Distributing DB input across multiple Logstash instances

Very much a n00b here.

We're experimenting with an ELK install to index XML stored in an RDBMS. We're performing a fair amount of parsing on it to define certain fields of interest to be displayed in Kibana.

With a single LS instance, despite running with multiple workers, we expect it will struggle to keep up with the incoming data, and so would like to install multiple LS instances.

However, I'm unsure how the incoming data can be distributed among the instances, preferably with a single config file (rather than customising it for each instance). Each row of data currently has a sequential identifier, so I thought the input query for an instance could, for example, apply a modulo function to the id of newly arrived data to determine which rows that instance will process. But how could this be done with a single config file? I suppose I could somehow incorporate the host name or some other instance-specific variable into the algorithm, but is there a simpler way to distribute data across multiple instances vying for the same input source?

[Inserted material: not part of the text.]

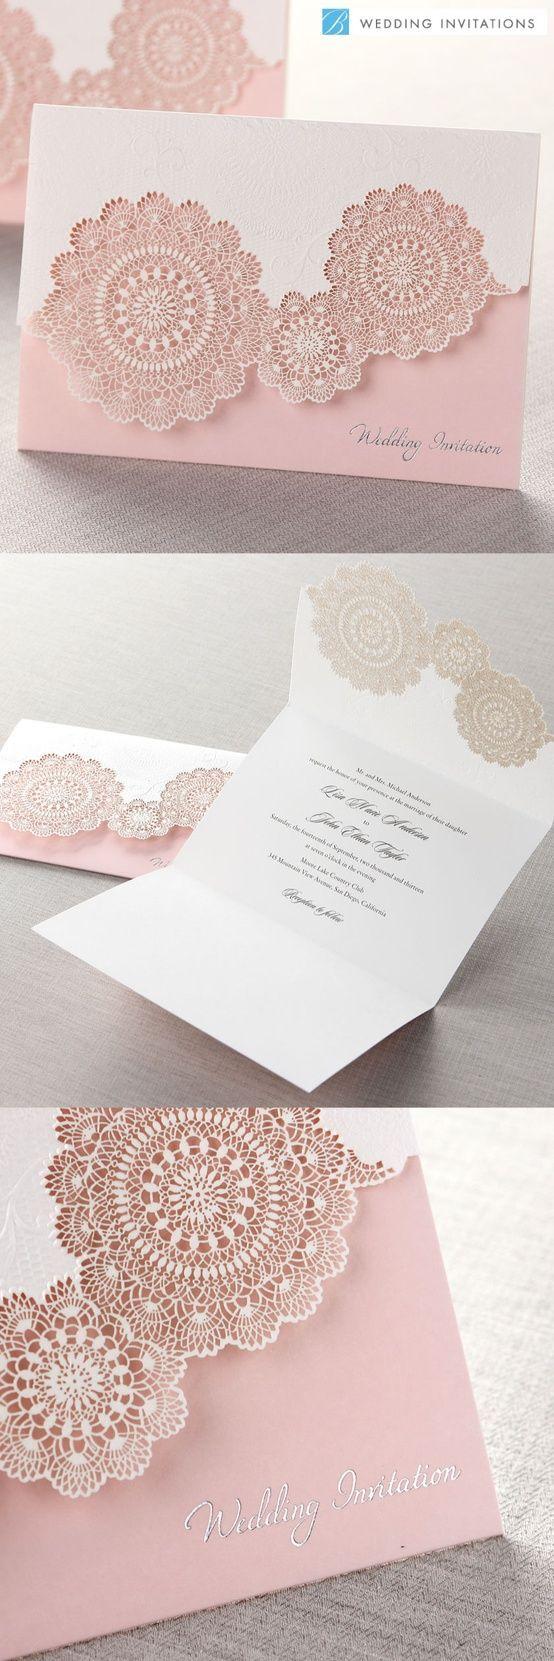 book wedding invitations uk%0A TriFold Laser Cut Pink by B Wedding Invitations

Having said this, I also considered that this may be wrong way to go about parallelising the LS operations, as it would mean (say) three instances are competing for the DB. Another option would be the reverse of the last diagram in https://www.elastic.co/guide/en/logstash/current/deploying-and-scaling.html - that is, to have a single LS shipper instance route the data from the DB into multiple queues, one for each LS indexer instance.

Am I on the right track?


You'll have to use different queries for different LS instances. Perhaps you can set environment variables that you reference in the queries (should work as of LS 2.3, IIRC)?

Having one LS instance to read the DB and feed a single queue that any number of LS instances can fetch from seems like a better idea.